*** PROVIDED INFORMATION

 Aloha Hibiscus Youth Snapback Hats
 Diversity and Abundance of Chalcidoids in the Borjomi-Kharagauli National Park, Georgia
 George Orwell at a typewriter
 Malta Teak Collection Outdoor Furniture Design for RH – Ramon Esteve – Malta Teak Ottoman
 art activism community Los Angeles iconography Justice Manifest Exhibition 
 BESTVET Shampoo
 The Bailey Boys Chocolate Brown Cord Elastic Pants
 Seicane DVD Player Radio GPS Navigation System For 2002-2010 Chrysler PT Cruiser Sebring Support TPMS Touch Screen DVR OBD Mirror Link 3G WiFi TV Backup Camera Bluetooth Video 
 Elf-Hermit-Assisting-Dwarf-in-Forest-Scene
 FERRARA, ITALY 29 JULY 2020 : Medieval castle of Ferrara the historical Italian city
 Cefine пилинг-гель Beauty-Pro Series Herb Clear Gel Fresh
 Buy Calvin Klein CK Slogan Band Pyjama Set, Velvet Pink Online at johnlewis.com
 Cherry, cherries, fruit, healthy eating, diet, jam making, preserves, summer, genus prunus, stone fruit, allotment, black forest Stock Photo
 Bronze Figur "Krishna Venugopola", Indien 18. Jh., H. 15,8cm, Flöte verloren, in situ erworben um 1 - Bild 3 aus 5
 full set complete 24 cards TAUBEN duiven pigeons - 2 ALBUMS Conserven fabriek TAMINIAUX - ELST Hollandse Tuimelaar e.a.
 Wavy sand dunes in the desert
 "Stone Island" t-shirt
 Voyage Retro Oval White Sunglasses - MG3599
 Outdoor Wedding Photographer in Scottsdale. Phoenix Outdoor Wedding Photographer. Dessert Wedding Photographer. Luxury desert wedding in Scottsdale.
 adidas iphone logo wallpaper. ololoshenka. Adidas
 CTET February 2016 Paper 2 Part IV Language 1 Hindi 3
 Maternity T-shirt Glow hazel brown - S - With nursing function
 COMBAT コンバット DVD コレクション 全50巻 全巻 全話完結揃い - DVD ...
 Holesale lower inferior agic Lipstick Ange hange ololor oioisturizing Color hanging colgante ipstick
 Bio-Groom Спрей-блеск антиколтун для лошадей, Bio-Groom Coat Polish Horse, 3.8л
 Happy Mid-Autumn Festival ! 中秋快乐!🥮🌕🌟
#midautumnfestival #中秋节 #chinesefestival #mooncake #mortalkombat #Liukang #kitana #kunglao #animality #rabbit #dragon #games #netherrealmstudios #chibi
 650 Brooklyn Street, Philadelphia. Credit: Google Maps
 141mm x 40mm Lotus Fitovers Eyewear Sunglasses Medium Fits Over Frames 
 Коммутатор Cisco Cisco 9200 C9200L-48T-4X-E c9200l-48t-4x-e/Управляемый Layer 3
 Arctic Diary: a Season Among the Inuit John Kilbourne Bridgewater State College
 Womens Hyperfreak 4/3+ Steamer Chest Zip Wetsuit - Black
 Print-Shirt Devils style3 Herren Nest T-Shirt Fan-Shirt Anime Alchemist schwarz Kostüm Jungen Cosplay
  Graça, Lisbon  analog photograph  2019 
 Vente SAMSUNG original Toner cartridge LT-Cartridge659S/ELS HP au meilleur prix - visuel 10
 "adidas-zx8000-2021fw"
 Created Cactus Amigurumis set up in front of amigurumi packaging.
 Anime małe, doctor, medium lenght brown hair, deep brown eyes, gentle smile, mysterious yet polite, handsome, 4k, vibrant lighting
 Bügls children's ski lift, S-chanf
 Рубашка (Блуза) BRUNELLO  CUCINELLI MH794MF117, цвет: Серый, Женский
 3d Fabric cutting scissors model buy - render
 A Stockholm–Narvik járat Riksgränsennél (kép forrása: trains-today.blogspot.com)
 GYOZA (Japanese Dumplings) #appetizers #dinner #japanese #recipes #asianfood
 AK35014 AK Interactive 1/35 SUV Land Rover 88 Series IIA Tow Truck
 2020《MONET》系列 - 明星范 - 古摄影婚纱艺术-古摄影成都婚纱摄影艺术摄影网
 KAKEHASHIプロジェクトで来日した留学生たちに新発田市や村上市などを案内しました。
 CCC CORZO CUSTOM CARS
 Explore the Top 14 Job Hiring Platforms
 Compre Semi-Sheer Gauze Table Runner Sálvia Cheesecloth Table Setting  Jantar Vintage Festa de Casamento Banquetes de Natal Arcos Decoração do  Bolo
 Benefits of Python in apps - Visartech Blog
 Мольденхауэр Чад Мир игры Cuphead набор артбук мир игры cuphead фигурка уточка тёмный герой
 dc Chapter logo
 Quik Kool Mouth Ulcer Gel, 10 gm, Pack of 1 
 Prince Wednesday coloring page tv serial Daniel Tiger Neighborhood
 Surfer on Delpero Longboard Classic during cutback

******

WORK ITEM
Restate the records above verbatim up to and including the line containing "Cherry, cherries, fruit, healthy".

SOLUTION TO THIS TASK
 Aloha Hibiscus Youth Snapback Hats
 Diversity and Abundance of Chalcidoids in the Borjomi-Kharagauli National Park, Georgia
 George Orwell at a typewriter
 Malta Teak Collection Outdoor Furniture Design for RH – Ramon Esteve – Malta Teak Ottoman
 art activism community Los Angeles iconography Justice Manifest Exhibition 
 BESTVET Shampoo
 The Bailey Boys Chocolate Brown Cord Elastic Pants
 Seicane DVD Player Radio GPS Navigation System For 2002-2010 Chrysler PT Cruiser Sebring Support TPMS Touch Screen DVR OBD Mirror Link 3G WiFi TV Backup Camera Bluetooth Video 
 Elf-Hermit-Assisting-Dwarf-in-Forest-Scene
 FERRARA, ITALY 29 JULY 2020 : Medieval castle of Ferrara the historical Italian city
 Cefine пилинг-гель Beauty-Pro Series Herb Clear Gel Fresh
 Buy Calvin Klein CK Slogan Band Pyjama Set, Velvet Pink Online at johnlewis.com
 Cherry, cherries, fruit, healthy eating, diet, jam making, preserves, summer, genus prunus, stone fruit, allotment, black forest Stock Photo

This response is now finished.